Jual beli online dalam Islam sama seperti akad As-Salam yaitu diperbolehkan. Akad salam menurut para fuqaha yaitu jual beli barang yang disebutkan sifatnya dalam tanggungan dengan imbalan pembayaran yang dilakukan saat itu juga.

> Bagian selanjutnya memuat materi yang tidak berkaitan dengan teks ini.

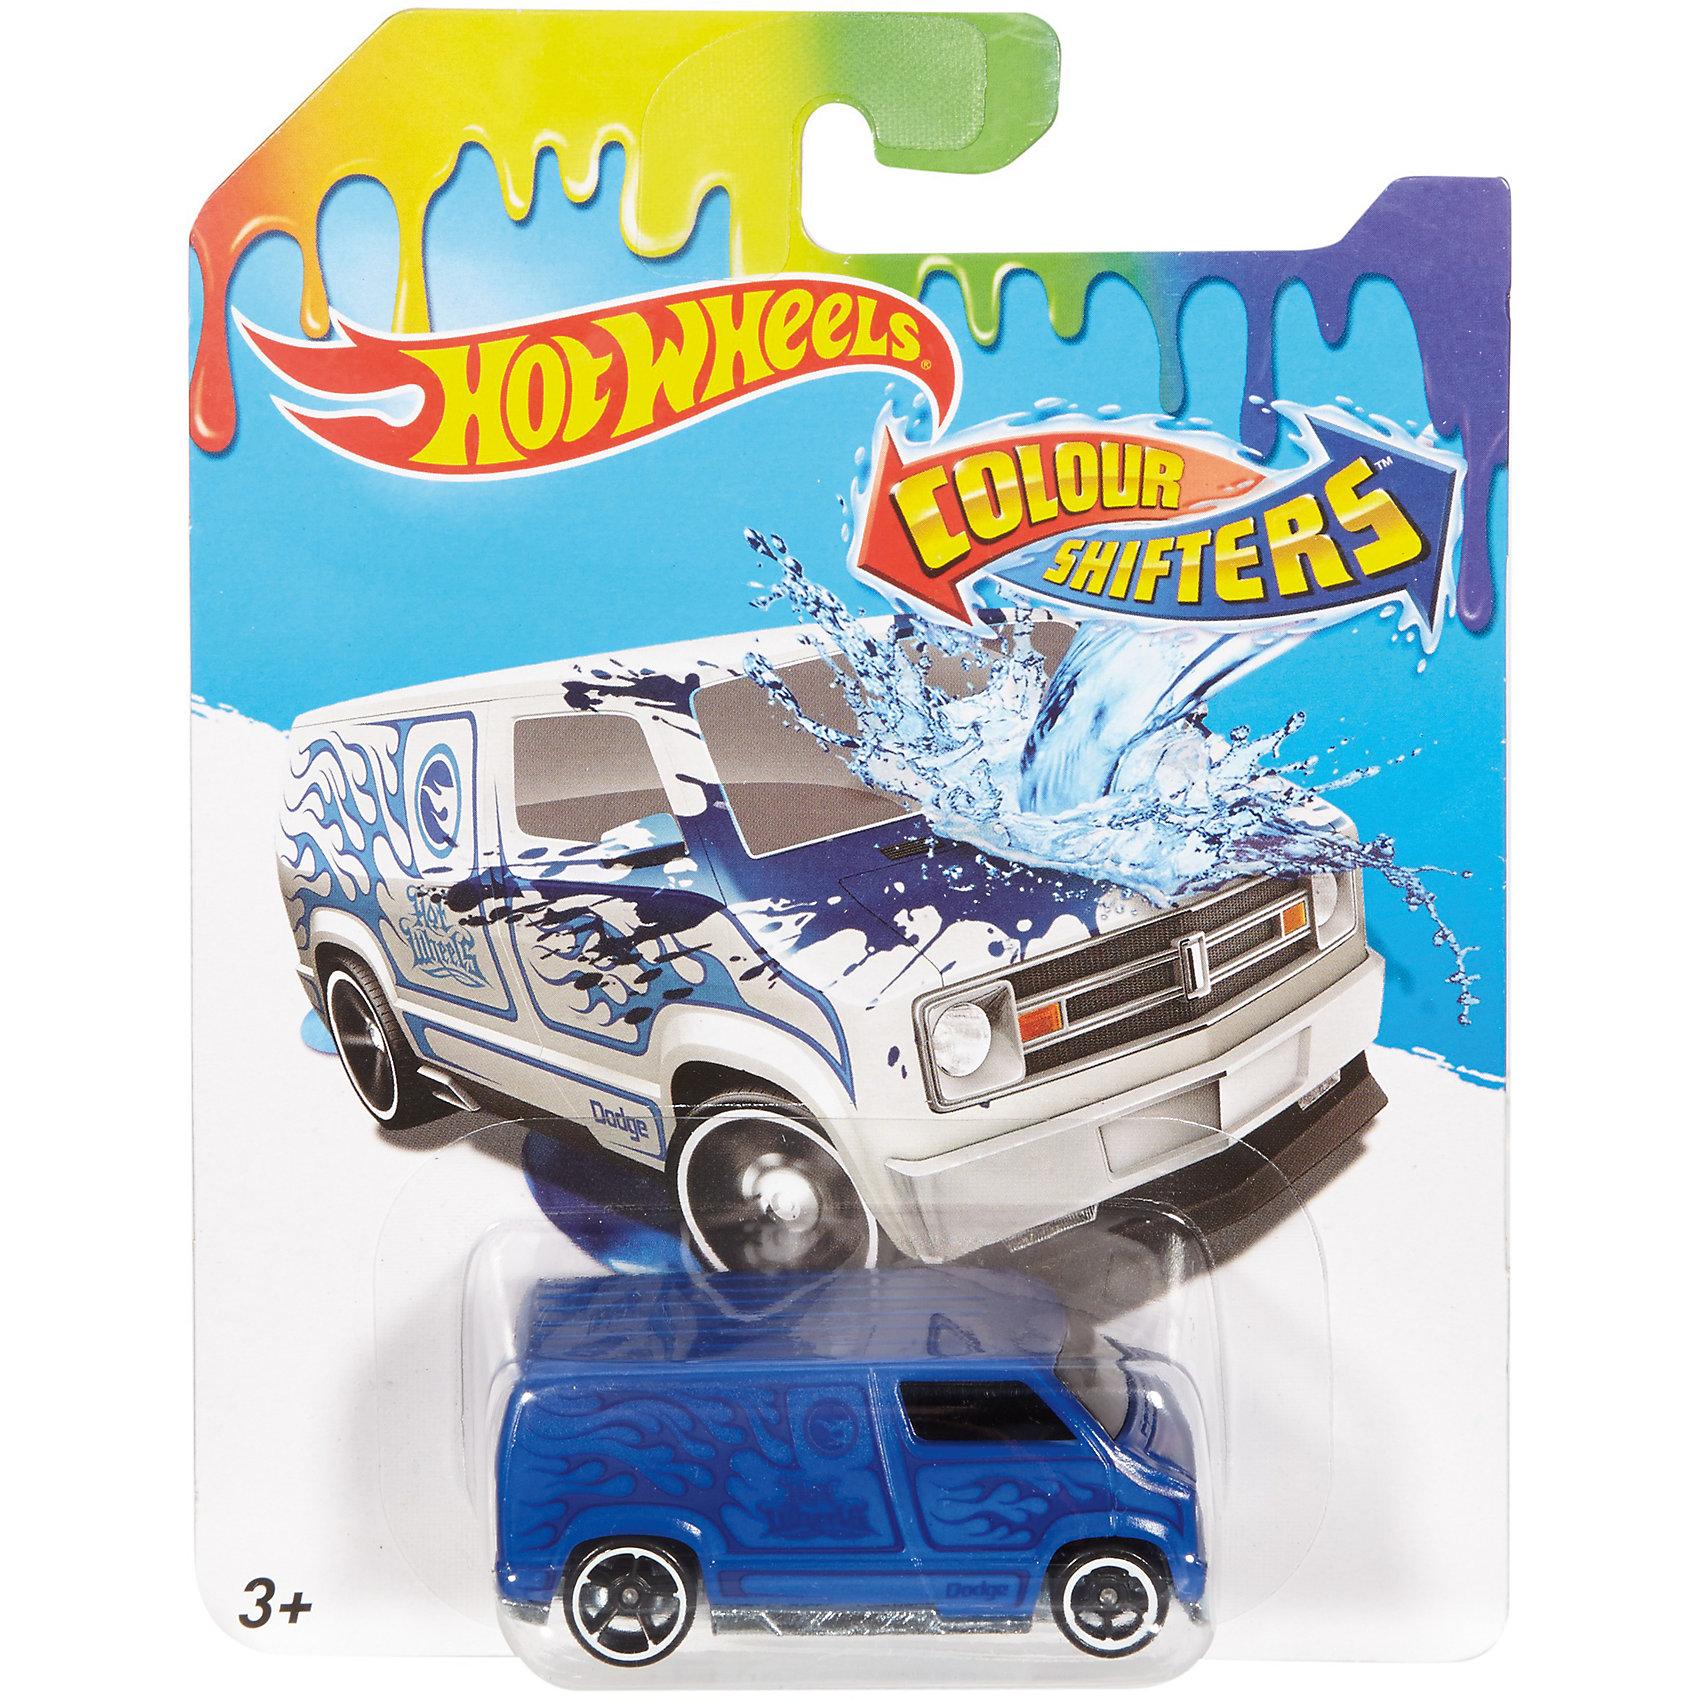 Меняющая цвет машинка COLOR SHIFTERS, Hot WheelsПопулярные игрушки<br><br><br>Ширина мм: 166<br>Глубина мм: 126<br>Высота мм: 32<br>Вес г: 47<br>Возраст от месяцев: 36<br>Возраст до месяцев: 84<br>Пол: Мужской<br>Возраст: Детский<br>SKU: 6996456

Jual beli salam adalah suatu benda yang disebutkan sifatnya dalam tanggungan atau memberi uang di depan secara tunai, barangnya diserahkan kemudian hari atau waktu yang telah ditentukan. Menurut ulama syafi’iyyah akad salam boleh ditanggungkan hingga waktu tertentu dan juga boleh diserahkan secara tunai. Secara lebih rinci salam diartikan dengan bentuk jual beli dengan pembayaran dimuka dan penyerahan barang di kemudian hari 

dengan jumlah, harga, spesifikasi, kualitas, tanggal dan tempat penyerahan yang jelas, dan disepakati sebelumnya dalam perjanjian.

Adapun dalil yang membolehkan salam sebagai berikut:

يَٰٓأَيُّهَا ٱلَّذِينَ ءَامَنُوٓاْ إِذَا تَدَايَنتُم بِدَيۡنٍ إِلَىٰٓ أَجَلٖ مُّسَمّٗى فَٱكۡتُبُوهُۚ وَلۡيَكۡتُب بَّيۡنَكُمۡ كَاتِبُۢ بِٱلۡعَدۡلِۚ وَلَا يَأۡبَ كَاتِبٌ أَن يَكۡتُبَ كَمَا عَلَّمَهُ ٱللَّهُۚ فَلۡيَكۡتُبۡ وَلۡيُمۡلِلِ ٱلَّذِي عَلَيۡهِ ٱلۡحَقُّ وَلۡيَتَّقِ ٱللَّهَ رَبَّهُۥ وَلَا يَبۡخَسۡ مِنۡهُ شَيۡ‍ٔٗاۚ ….

Artinya: 

“Wahai orang-orang yang beriman! Apabila kamu menjalankan sesuatu urusan dengan hutang piutang yang diberi tempo hingga ke suatu masa yang tertentu, maka hendaknya kamu menulis itu.” ( Al-Baqarah 282)

Intinya di luar kebutuhan pokok, Islam membiarkan perdagangan berjalan sesuai mekanisme pasar. Social commerce tak banyak mempengaruhi pedagang offline. Karena kaum Muslim senantiasa diajak hidup dalam ketaatan sehingga tidak mengumbar syahwat belanja kecuali sesuai kebutuhannya saja. Tak tertarik iming-iming barang dengan harga murah. Tenggang rasa dan persaudaraan sesama Muslim senantiasa dijalin, jadi meski harga online shop lebih murah akan lebih senang berbelanja ke toko saudara sesama Muslim. Dengan begitu kaum Muslim tidak bisa dijadikan objek pemasaran dan online shop layaknya toko biasa saja.